===== Data records =====
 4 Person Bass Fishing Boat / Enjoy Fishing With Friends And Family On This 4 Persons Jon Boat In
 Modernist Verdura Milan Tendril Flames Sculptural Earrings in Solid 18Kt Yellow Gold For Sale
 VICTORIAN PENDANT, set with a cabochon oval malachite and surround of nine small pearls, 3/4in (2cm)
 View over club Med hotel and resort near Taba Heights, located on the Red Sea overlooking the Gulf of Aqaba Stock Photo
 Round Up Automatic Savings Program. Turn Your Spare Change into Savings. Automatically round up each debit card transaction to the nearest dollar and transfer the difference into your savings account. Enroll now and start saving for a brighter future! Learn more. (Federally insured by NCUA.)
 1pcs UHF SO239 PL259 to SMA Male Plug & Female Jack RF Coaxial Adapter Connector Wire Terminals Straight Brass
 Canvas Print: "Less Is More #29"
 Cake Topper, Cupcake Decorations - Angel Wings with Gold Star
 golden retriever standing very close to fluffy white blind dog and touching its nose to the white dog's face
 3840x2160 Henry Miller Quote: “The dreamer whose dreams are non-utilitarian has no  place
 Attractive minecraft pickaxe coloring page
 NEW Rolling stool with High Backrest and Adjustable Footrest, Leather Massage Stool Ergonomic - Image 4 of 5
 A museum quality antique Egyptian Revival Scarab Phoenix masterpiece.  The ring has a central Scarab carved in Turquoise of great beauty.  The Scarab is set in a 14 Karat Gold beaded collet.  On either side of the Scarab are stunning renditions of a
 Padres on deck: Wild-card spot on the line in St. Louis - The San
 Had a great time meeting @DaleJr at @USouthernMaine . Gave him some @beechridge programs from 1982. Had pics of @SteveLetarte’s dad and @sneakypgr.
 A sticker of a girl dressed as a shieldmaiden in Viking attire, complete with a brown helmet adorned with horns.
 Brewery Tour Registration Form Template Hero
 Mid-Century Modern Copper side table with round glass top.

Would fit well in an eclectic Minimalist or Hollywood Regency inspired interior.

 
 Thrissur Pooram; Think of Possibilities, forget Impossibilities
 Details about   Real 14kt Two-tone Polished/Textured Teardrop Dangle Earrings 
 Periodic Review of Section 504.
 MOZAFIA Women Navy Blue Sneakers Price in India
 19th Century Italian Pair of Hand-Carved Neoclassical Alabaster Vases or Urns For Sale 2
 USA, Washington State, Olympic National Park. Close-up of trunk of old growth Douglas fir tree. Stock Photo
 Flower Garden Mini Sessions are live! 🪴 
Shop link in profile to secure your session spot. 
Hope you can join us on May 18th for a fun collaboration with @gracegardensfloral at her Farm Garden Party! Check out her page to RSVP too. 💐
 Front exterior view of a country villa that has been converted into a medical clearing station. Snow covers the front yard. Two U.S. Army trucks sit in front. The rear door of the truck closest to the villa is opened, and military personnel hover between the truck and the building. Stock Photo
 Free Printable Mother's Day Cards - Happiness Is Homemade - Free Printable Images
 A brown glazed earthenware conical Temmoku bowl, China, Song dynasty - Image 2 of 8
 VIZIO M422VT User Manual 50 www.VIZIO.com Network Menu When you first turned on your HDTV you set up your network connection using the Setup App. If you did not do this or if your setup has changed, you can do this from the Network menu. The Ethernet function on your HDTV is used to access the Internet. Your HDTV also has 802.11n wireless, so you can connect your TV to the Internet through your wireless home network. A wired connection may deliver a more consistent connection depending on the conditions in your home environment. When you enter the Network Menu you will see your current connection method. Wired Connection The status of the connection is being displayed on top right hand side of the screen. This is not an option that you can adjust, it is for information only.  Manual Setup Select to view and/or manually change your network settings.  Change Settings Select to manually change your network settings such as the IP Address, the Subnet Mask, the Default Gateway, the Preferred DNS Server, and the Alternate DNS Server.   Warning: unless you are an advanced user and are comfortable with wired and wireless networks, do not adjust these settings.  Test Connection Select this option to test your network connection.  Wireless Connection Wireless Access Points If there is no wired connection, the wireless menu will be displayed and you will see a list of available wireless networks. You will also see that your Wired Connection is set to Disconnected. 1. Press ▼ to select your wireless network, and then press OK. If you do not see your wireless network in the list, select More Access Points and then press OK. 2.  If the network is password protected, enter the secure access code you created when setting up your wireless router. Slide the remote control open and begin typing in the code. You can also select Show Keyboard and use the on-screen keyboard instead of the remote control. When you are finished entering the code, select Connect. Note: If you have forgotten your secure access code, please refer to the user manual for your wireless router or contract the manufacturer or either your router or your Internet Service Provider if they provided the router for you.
=====
Copy out, in full, each line above that has the word "Earrings" in it.

 Modernist Verdura Milan Tendril Flames Sculptural Earrings in Solid 18Kt Yellow Gold For Sale
 Details about   Real 14kt Two-tone Polished/Textured Teardrop Dangle Earrings 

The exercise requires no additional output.